:: Your objective ::
Repeat everything in the data exactly except images.

:: The data ::
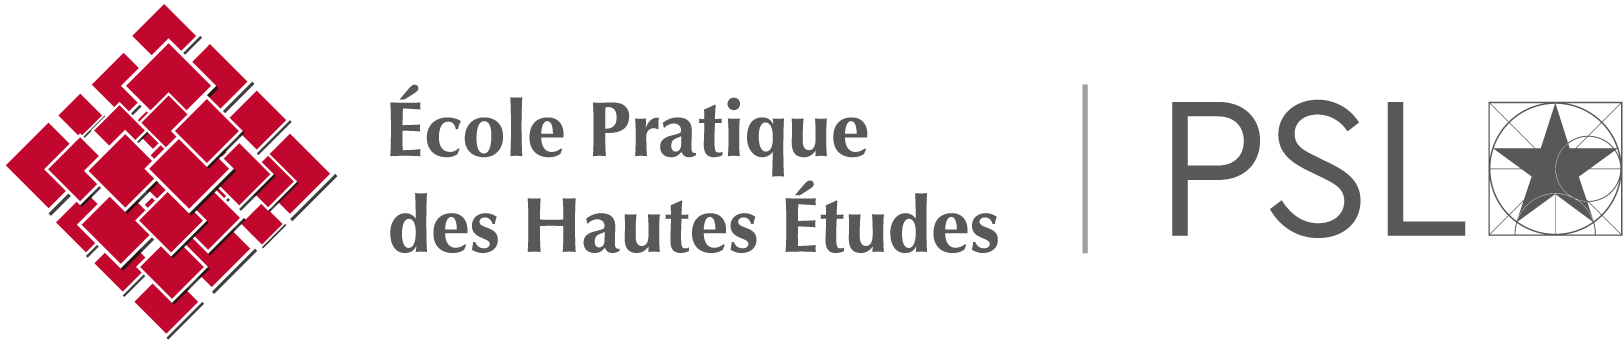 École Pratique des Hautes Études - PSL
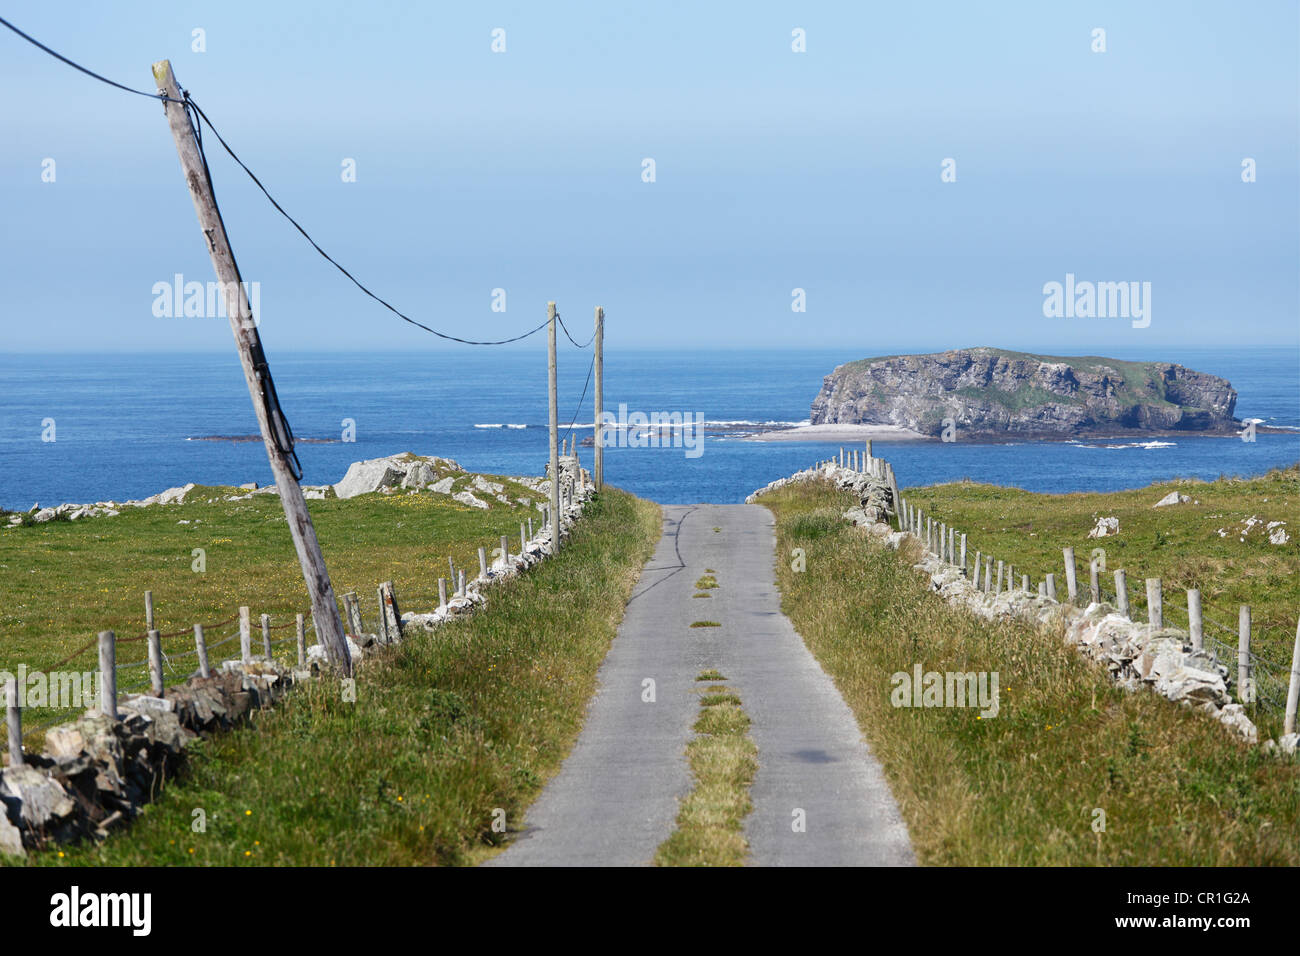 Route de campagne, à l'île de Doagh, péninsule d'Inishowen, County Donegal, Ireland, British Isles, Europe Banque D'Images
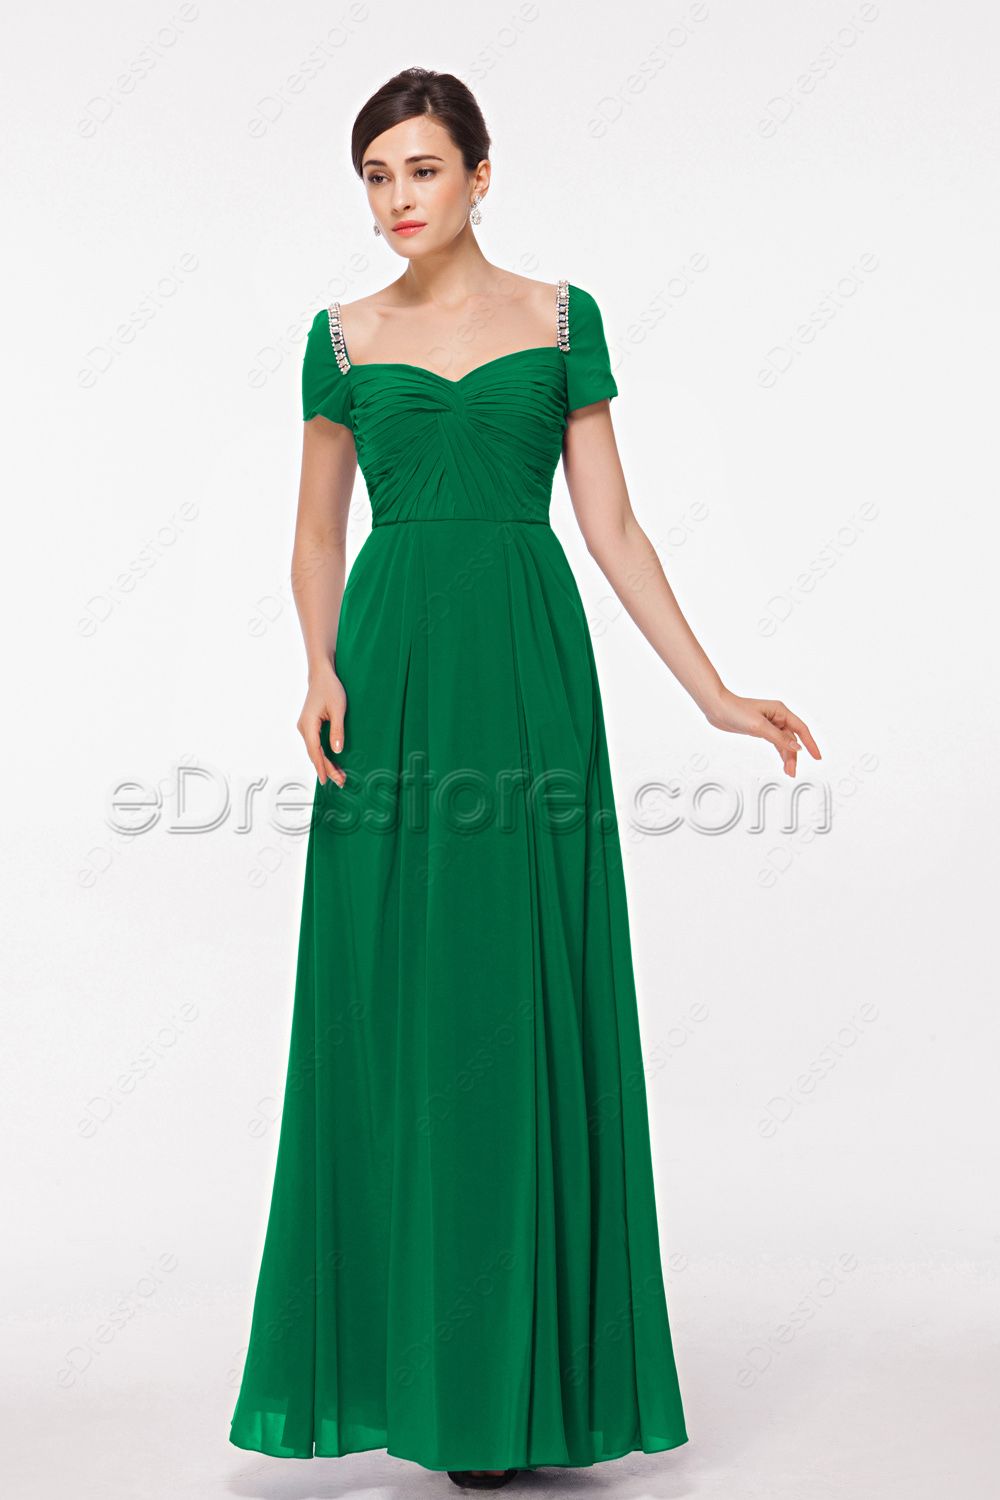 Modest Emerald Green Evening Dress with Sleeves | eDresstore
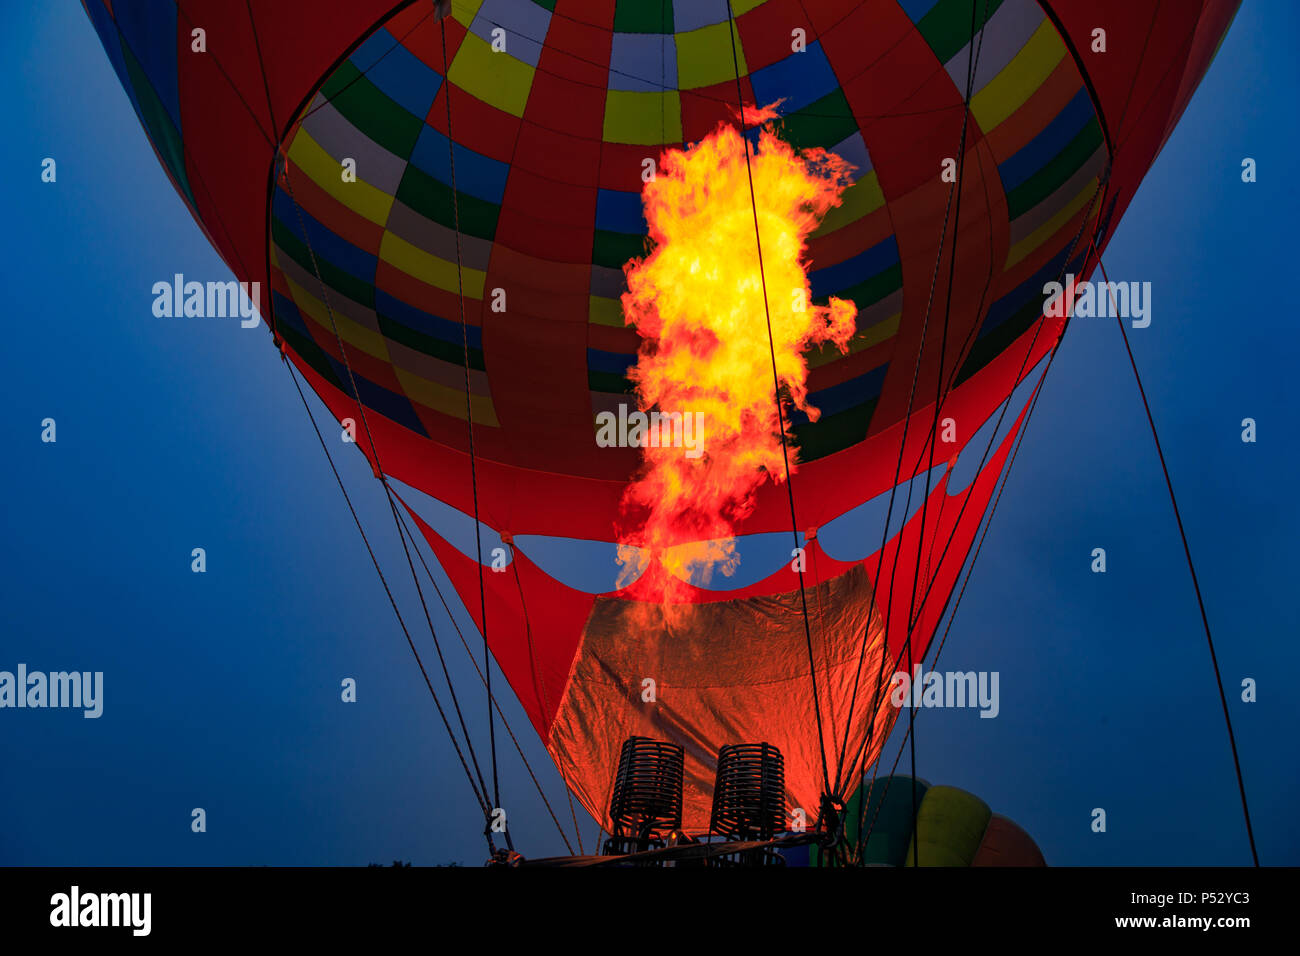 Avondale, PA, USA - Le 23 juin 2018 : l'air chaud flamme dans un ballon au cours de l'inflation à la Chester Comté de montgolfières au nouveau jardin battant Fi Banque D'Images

:: Written solution ::
 École Pratique des Hautes Études - PSL
 Route de campagne, à l'île de Doagh, péninsule d'Inishowen, County Donegal, Ireland, British Isles, Europe Banque D'Images
 Modest Emerald Green Evening Dress with Sleeves | eDresstore
 Avondale, PA, USA - Le 23 juin 2018 : l'air chaud flamme dans un ballon au cours de l'inflation à la Chester Comté de montgolfières au nouveau jardin battant Fi Banque D'Images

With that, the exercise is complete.